In North Delta, the benchmark price for a single-detached house in 2021 was $1,198,400, and that jumped to $1,519, 600 in 2022.

From 2017 to 2022, the benchmark price had increased 73 per cent.

According to REBGV's year-end report for 2023, the benchmark price of a single-detached house in Ladner last month was $1,387,000, while the benchmark price for a house in Tsawwassen was $1.567,500.

According to the FVRB, the benchmark price for a single-detached house in North Delta in December 2023 was $1,347,000.

Metro's Housing Data 2023 report also notes that across the region, benchmark home sale prices have doubled and tripled in the past 15 years, while wages and inflation have increased much more slowly. Home sales also increased quickly in the past few years, leading to increasing sale prices.

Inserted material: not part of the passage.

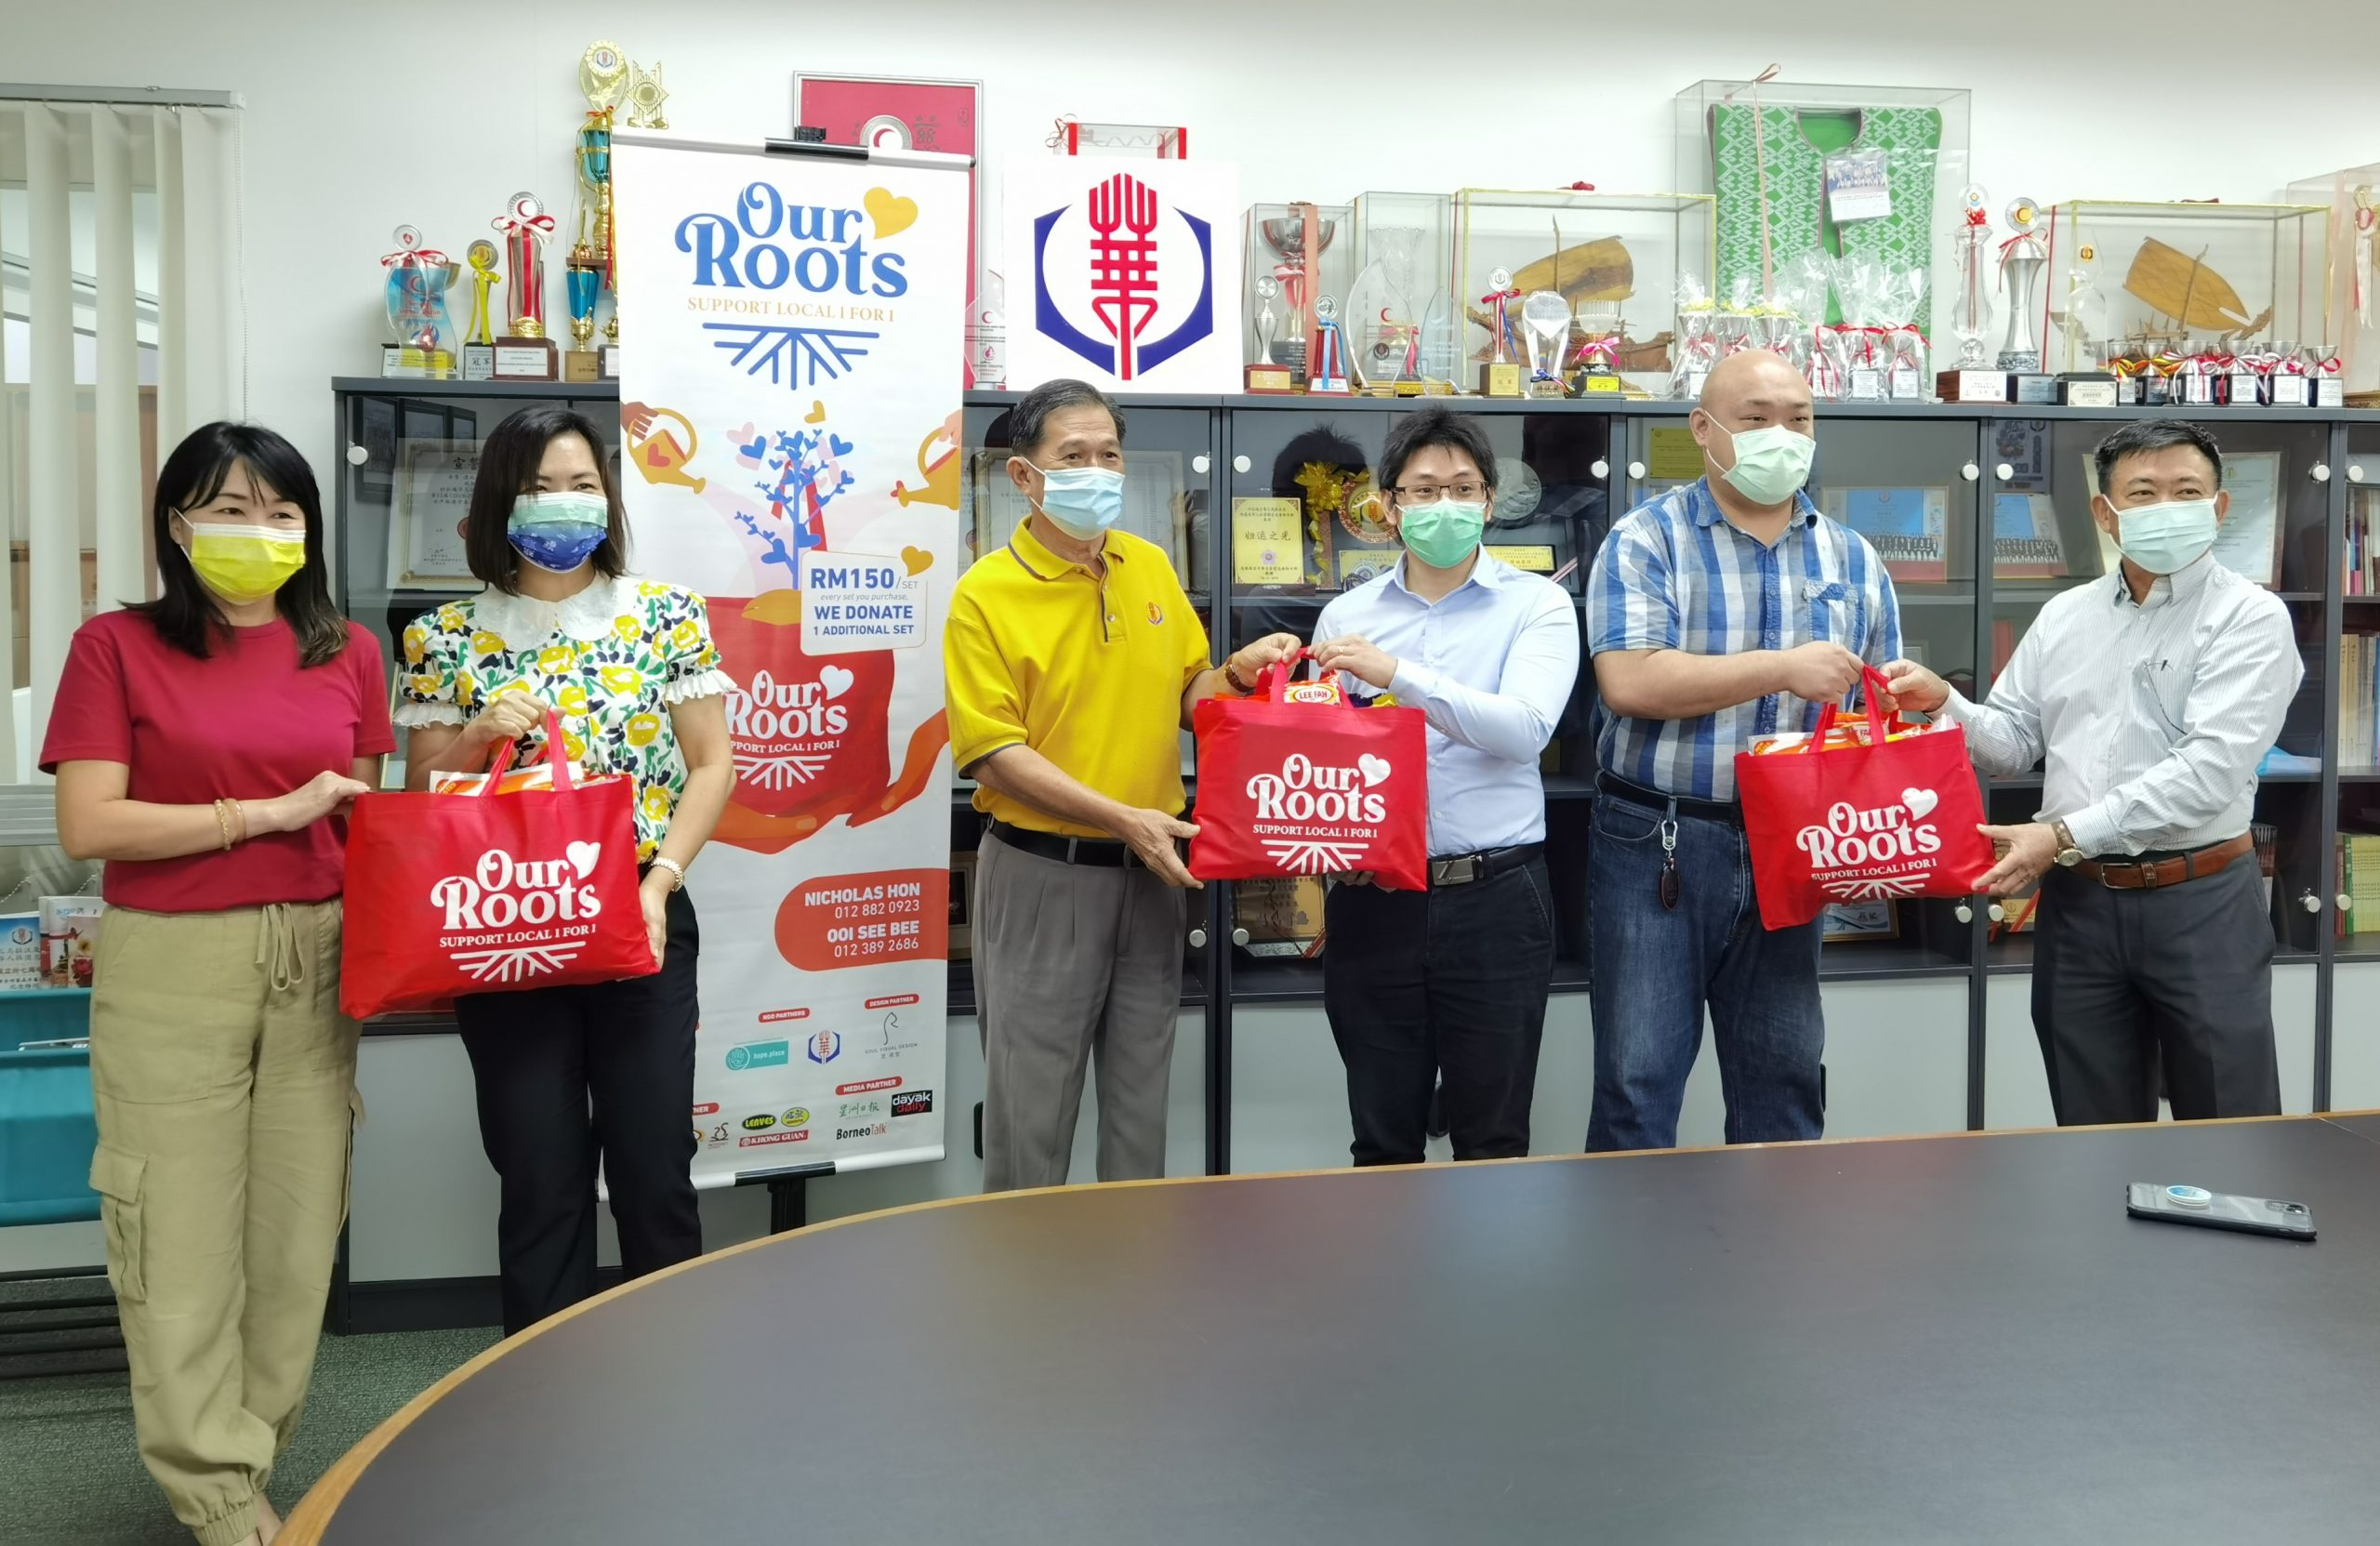 04-02-2021 Our Roots 新年福袋买一送一慈善活动,移交300份福袋予本会派送给弱势群体及贫困家庭

During the COVID-19 pandemic, the number of sales increased drastically despite high home prices, especially of single-detached homes. In 2022, though, the number of home sales dropped by almost 40 per cent compared to levels in 2021.

Among the other findings in the Metro report, 10 per cent of the owner-occupied dwellings in Metro Vancouver in 2021 were built between 2016 and 2021, while another nine per cent of owner-occupied dwellings were built between 2011 and 2015.

More than half (55 per cent) of owner-occupied dwellings in the region were built in the past 30 years (between 1991 and 2021), while the age composition of owner-occupied housing varies across the region.

The areas with the greatest proportion of newly built owner-occupied housing stock (built between 2016 and 2021) were Tsawwassen First Nation, Electoral Area A, Langley Township, Burnaby, Coquitlam, and Surrey.

In 2021, 38 per cent of owner households in Metro Vancouver lived in single-detached housing, but that proportion also varied substantially across the region.

Owner-occupied apartments (low-rise and high-rise condominiums) accounted for 31 per cent of owner-occupied units in the region

Between 2016 and 2021, there was a decrease of 3,600 owner-occupied single-detached units in the region. During the same time, the number of owner-occupied high-rise apartments increased by 14,975 units, low rises increased by 9,435 units and row houses increased by 8,220 units.

According to the City of Delta's Housing Needs Assessment three years ago, which guided the formulation of the city's Housing Action, about 80 per cent of Delta’s housing stock is still owned, with close to that percentage of the housing stock comprised of singe-detached houses.